Потом Гамильтон позвала мужа своей горничной, конюха Василия Семёнова, и отдала ему труп выбросить.

Разоблачение

Разоблачение случилось в 1717 году. Популярная версия, озвученная писателями, гласит: из кабинета государя пропали важные бумаги — Орлов написал донос на заговорщиков, отдал царю, тот положил бумагу в карман, а та провалилась. Петр подумал, что Орлов испугался и забрал донос, и принялся его допрашивать. Орлов испугался Петра и повалился ему в ноги, сознавшись в любви к Гамильтон, наболтав, помимо всего прочего, что он с ней вместе три года и за это время она родила мертвых младенцев (что вызвало подозрение Петра, так как в окрестностях дворца, по некоторым указаниям, при чистке дворцового нужника в выгребной яме[3], или у фонтана, нашли труп младенца, завернутый в дворцовую салфетку). После этого началось расследование.

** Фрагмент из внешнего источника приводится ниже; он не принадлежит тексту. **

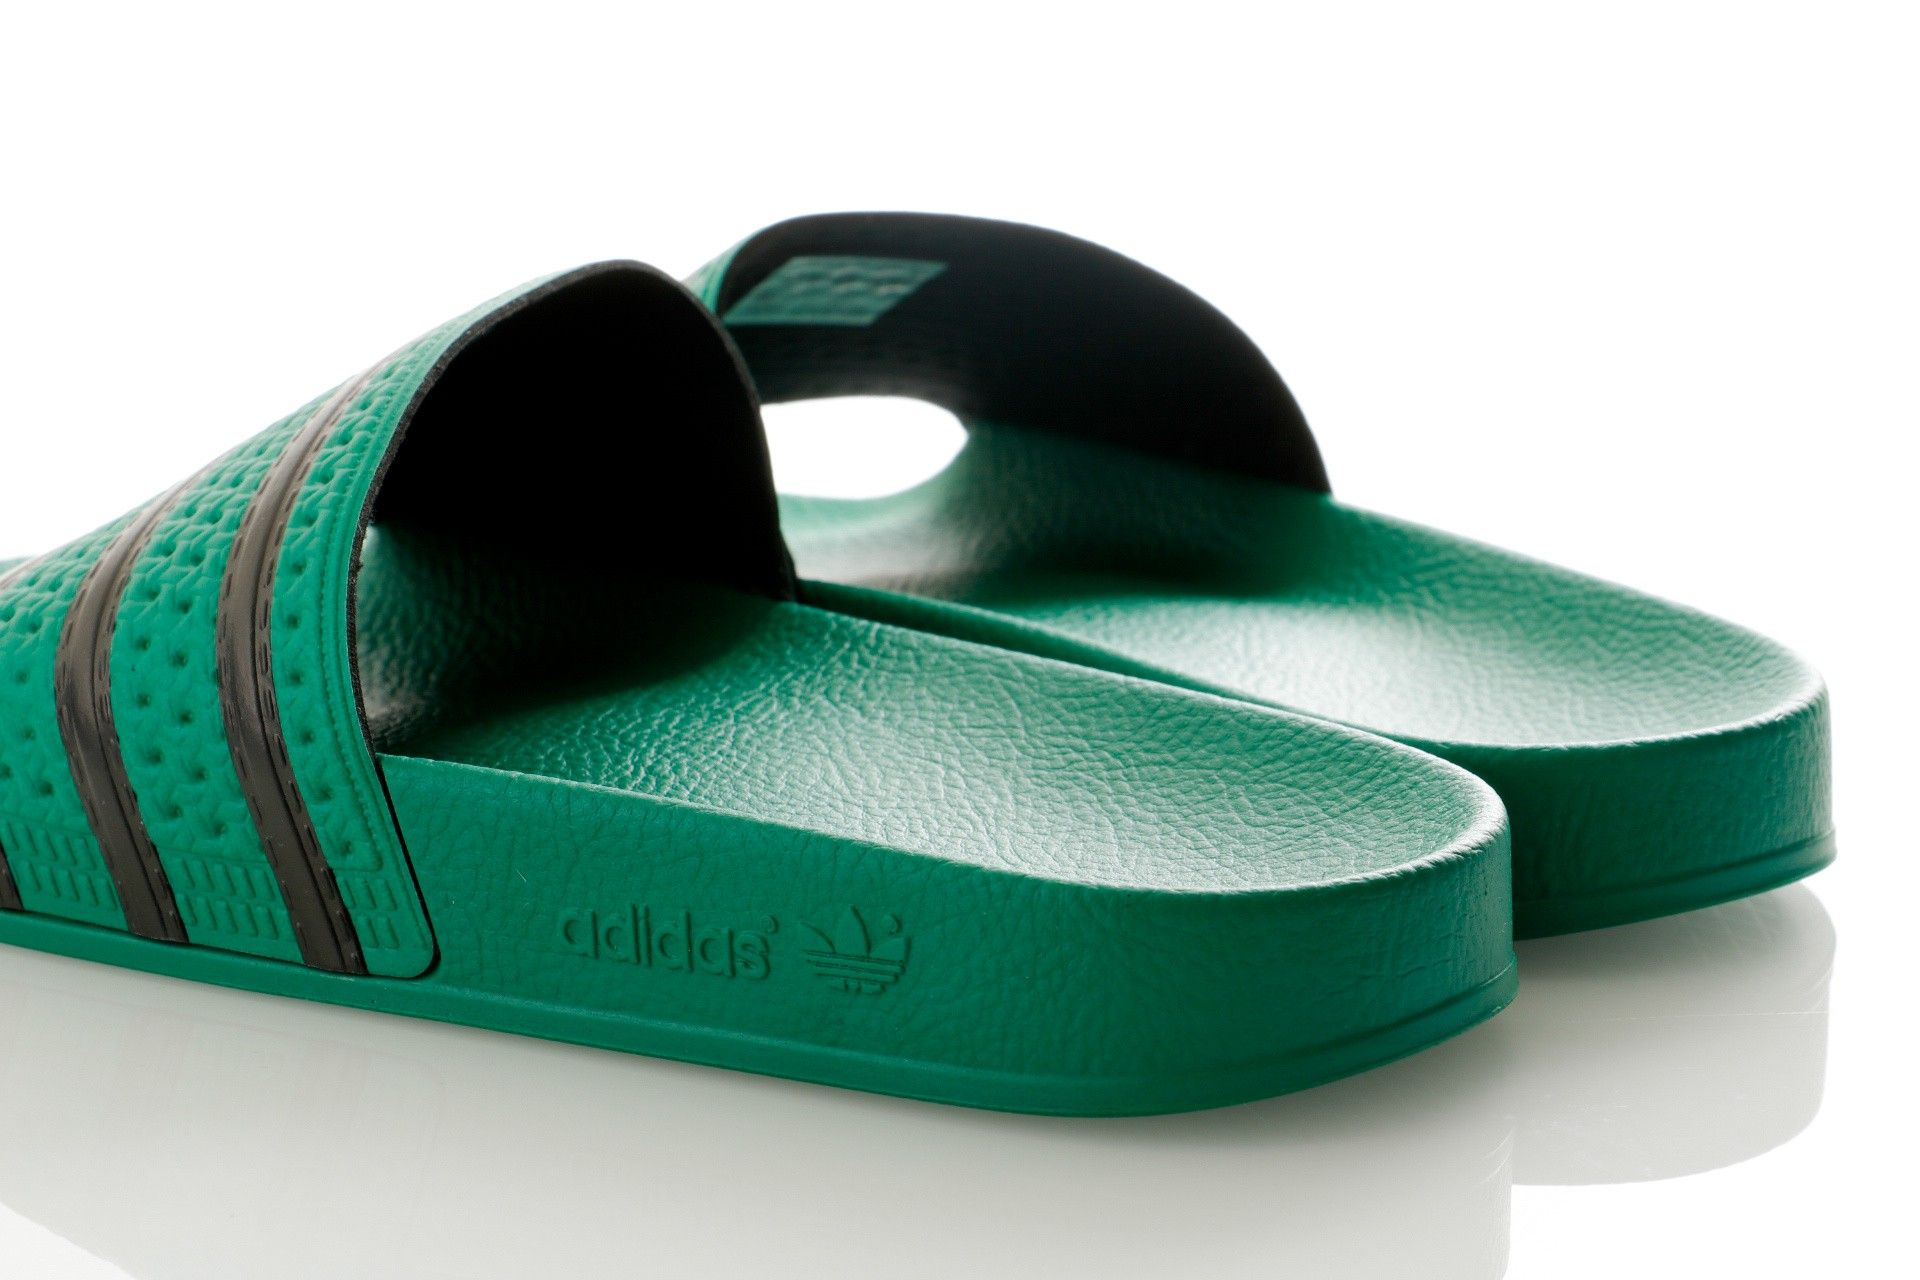 Adidas Adilette Cm8443 Slipper Bold GreenCore BlackBold Green
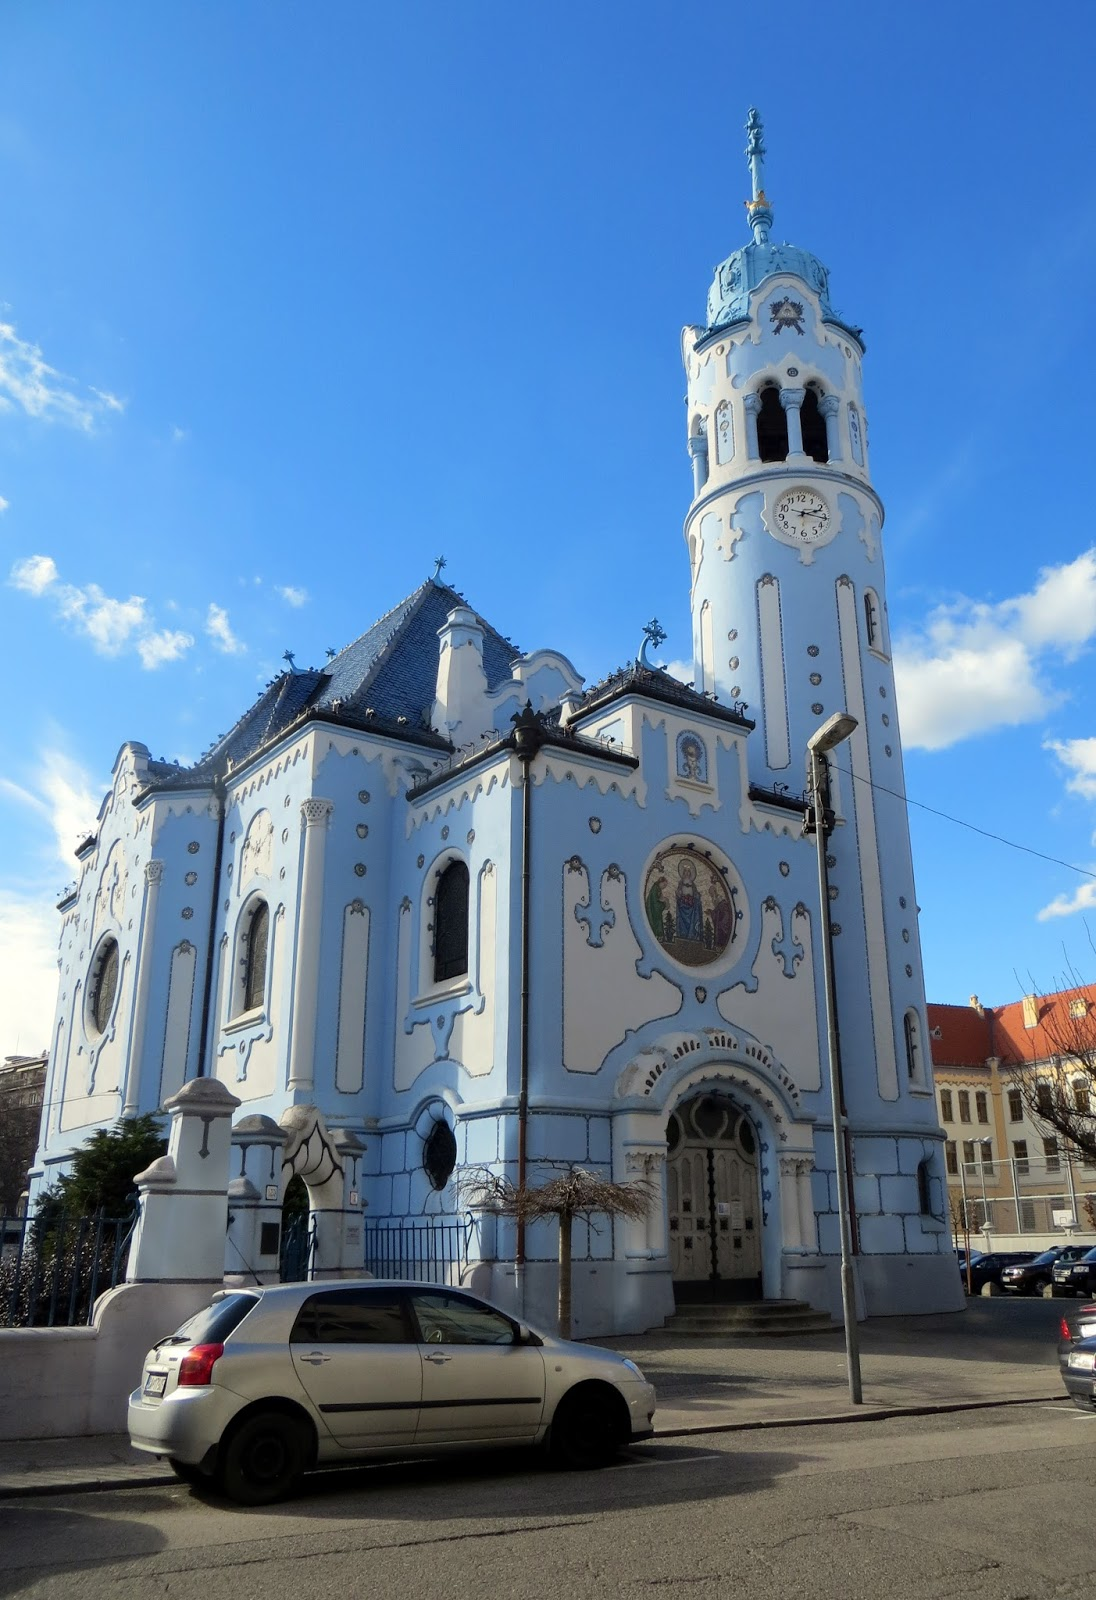 Slovakia, Bratislava, off the beaten track, eastern europe, eu, historical city, on the danube, ufo, bridge, communist, blue church

Историк Семевский, поднимая подлинное судебное «Дело о девке Гамонтовой» пишет, что причина на самом деле была другая. Всё началось с того, что желая скомпрометировать перед Орловым Авдотью Чернышёву, к которой ревновала, Мария как-то рассказала любовнику, что Чернышёва, мол, говорила с каким-то денщиком об Екатерине, что та ест воск, и оттого у неё на лице угри. Затем она рассказала придворным дамам, что об этом с Чернышёвой говорил сам Орлов. Вернувшийся из командировки Орлов с ужасом узнал, какие о нём ходят сплетни и кинулся в ноги императрицы. Екатерина, до которой эти сплетни не дошли, была удивлена, призвали Гамильтон, которая сначала отнекивалась, что пустила слух, потом, когда «её побили», призналась в распространении слуха. Фрейлину заключили в тюрьму. Петр в это время пока был занят розыском по делу царевича Алексея и этой домашней склокой с фрейлиной не занимался. 12 марта в её комнатах в Преображенском в присутствии Петра и Екатерины устроили обыск, при котором обнаружили украденные «алмазные и протчие вещи Её Величества», например, одежду, которую она носила сама[2].

Марию и Орлова перевезли из Москвы в Петербург и заключили в Петропавловскую крепость (они были в числе первых заключенных свежеотстроенной тюрьмы) и при допросе били кнутом[5]. В апреле была вызвана на допрос горничная, от которой следствие и узнало об убитом младенце (возможно, тело и не было найдено, несмотря на запоминающийся образ найденного в грязи трупика). Затем допросы остановились до июня. Мария призналась и в воровстве, и в убийстве, но против Орлова показаний не дала, даже под пыткой утверждая, что он ничего не знал.

Приговор

Пять месяцев спустя, 27 ноября 1718 года, Пётр подписал приговор:[5]

Великий государь царь и великий князь Пётр Алексеевич всея великия и малыя, и белыя России самодержец, будучи в канцелярии Тайных Розыскных дел, слушав вышеописанные дела и выписки, указав по именному своему великого государя указу: девку Марью Гамонтову, что она с Иваном Орловым жила блудно и была от него брюхата трижды и двух ребенков лекарствами из себя вытравила, а третьего удавила и отбросила, за такое душегубство, также она же у царицы государыни Екатерины Алексеевны крала алмазные вещи и золотые (червонцы), в чем она с двух розысков повинилась, казнить смертию.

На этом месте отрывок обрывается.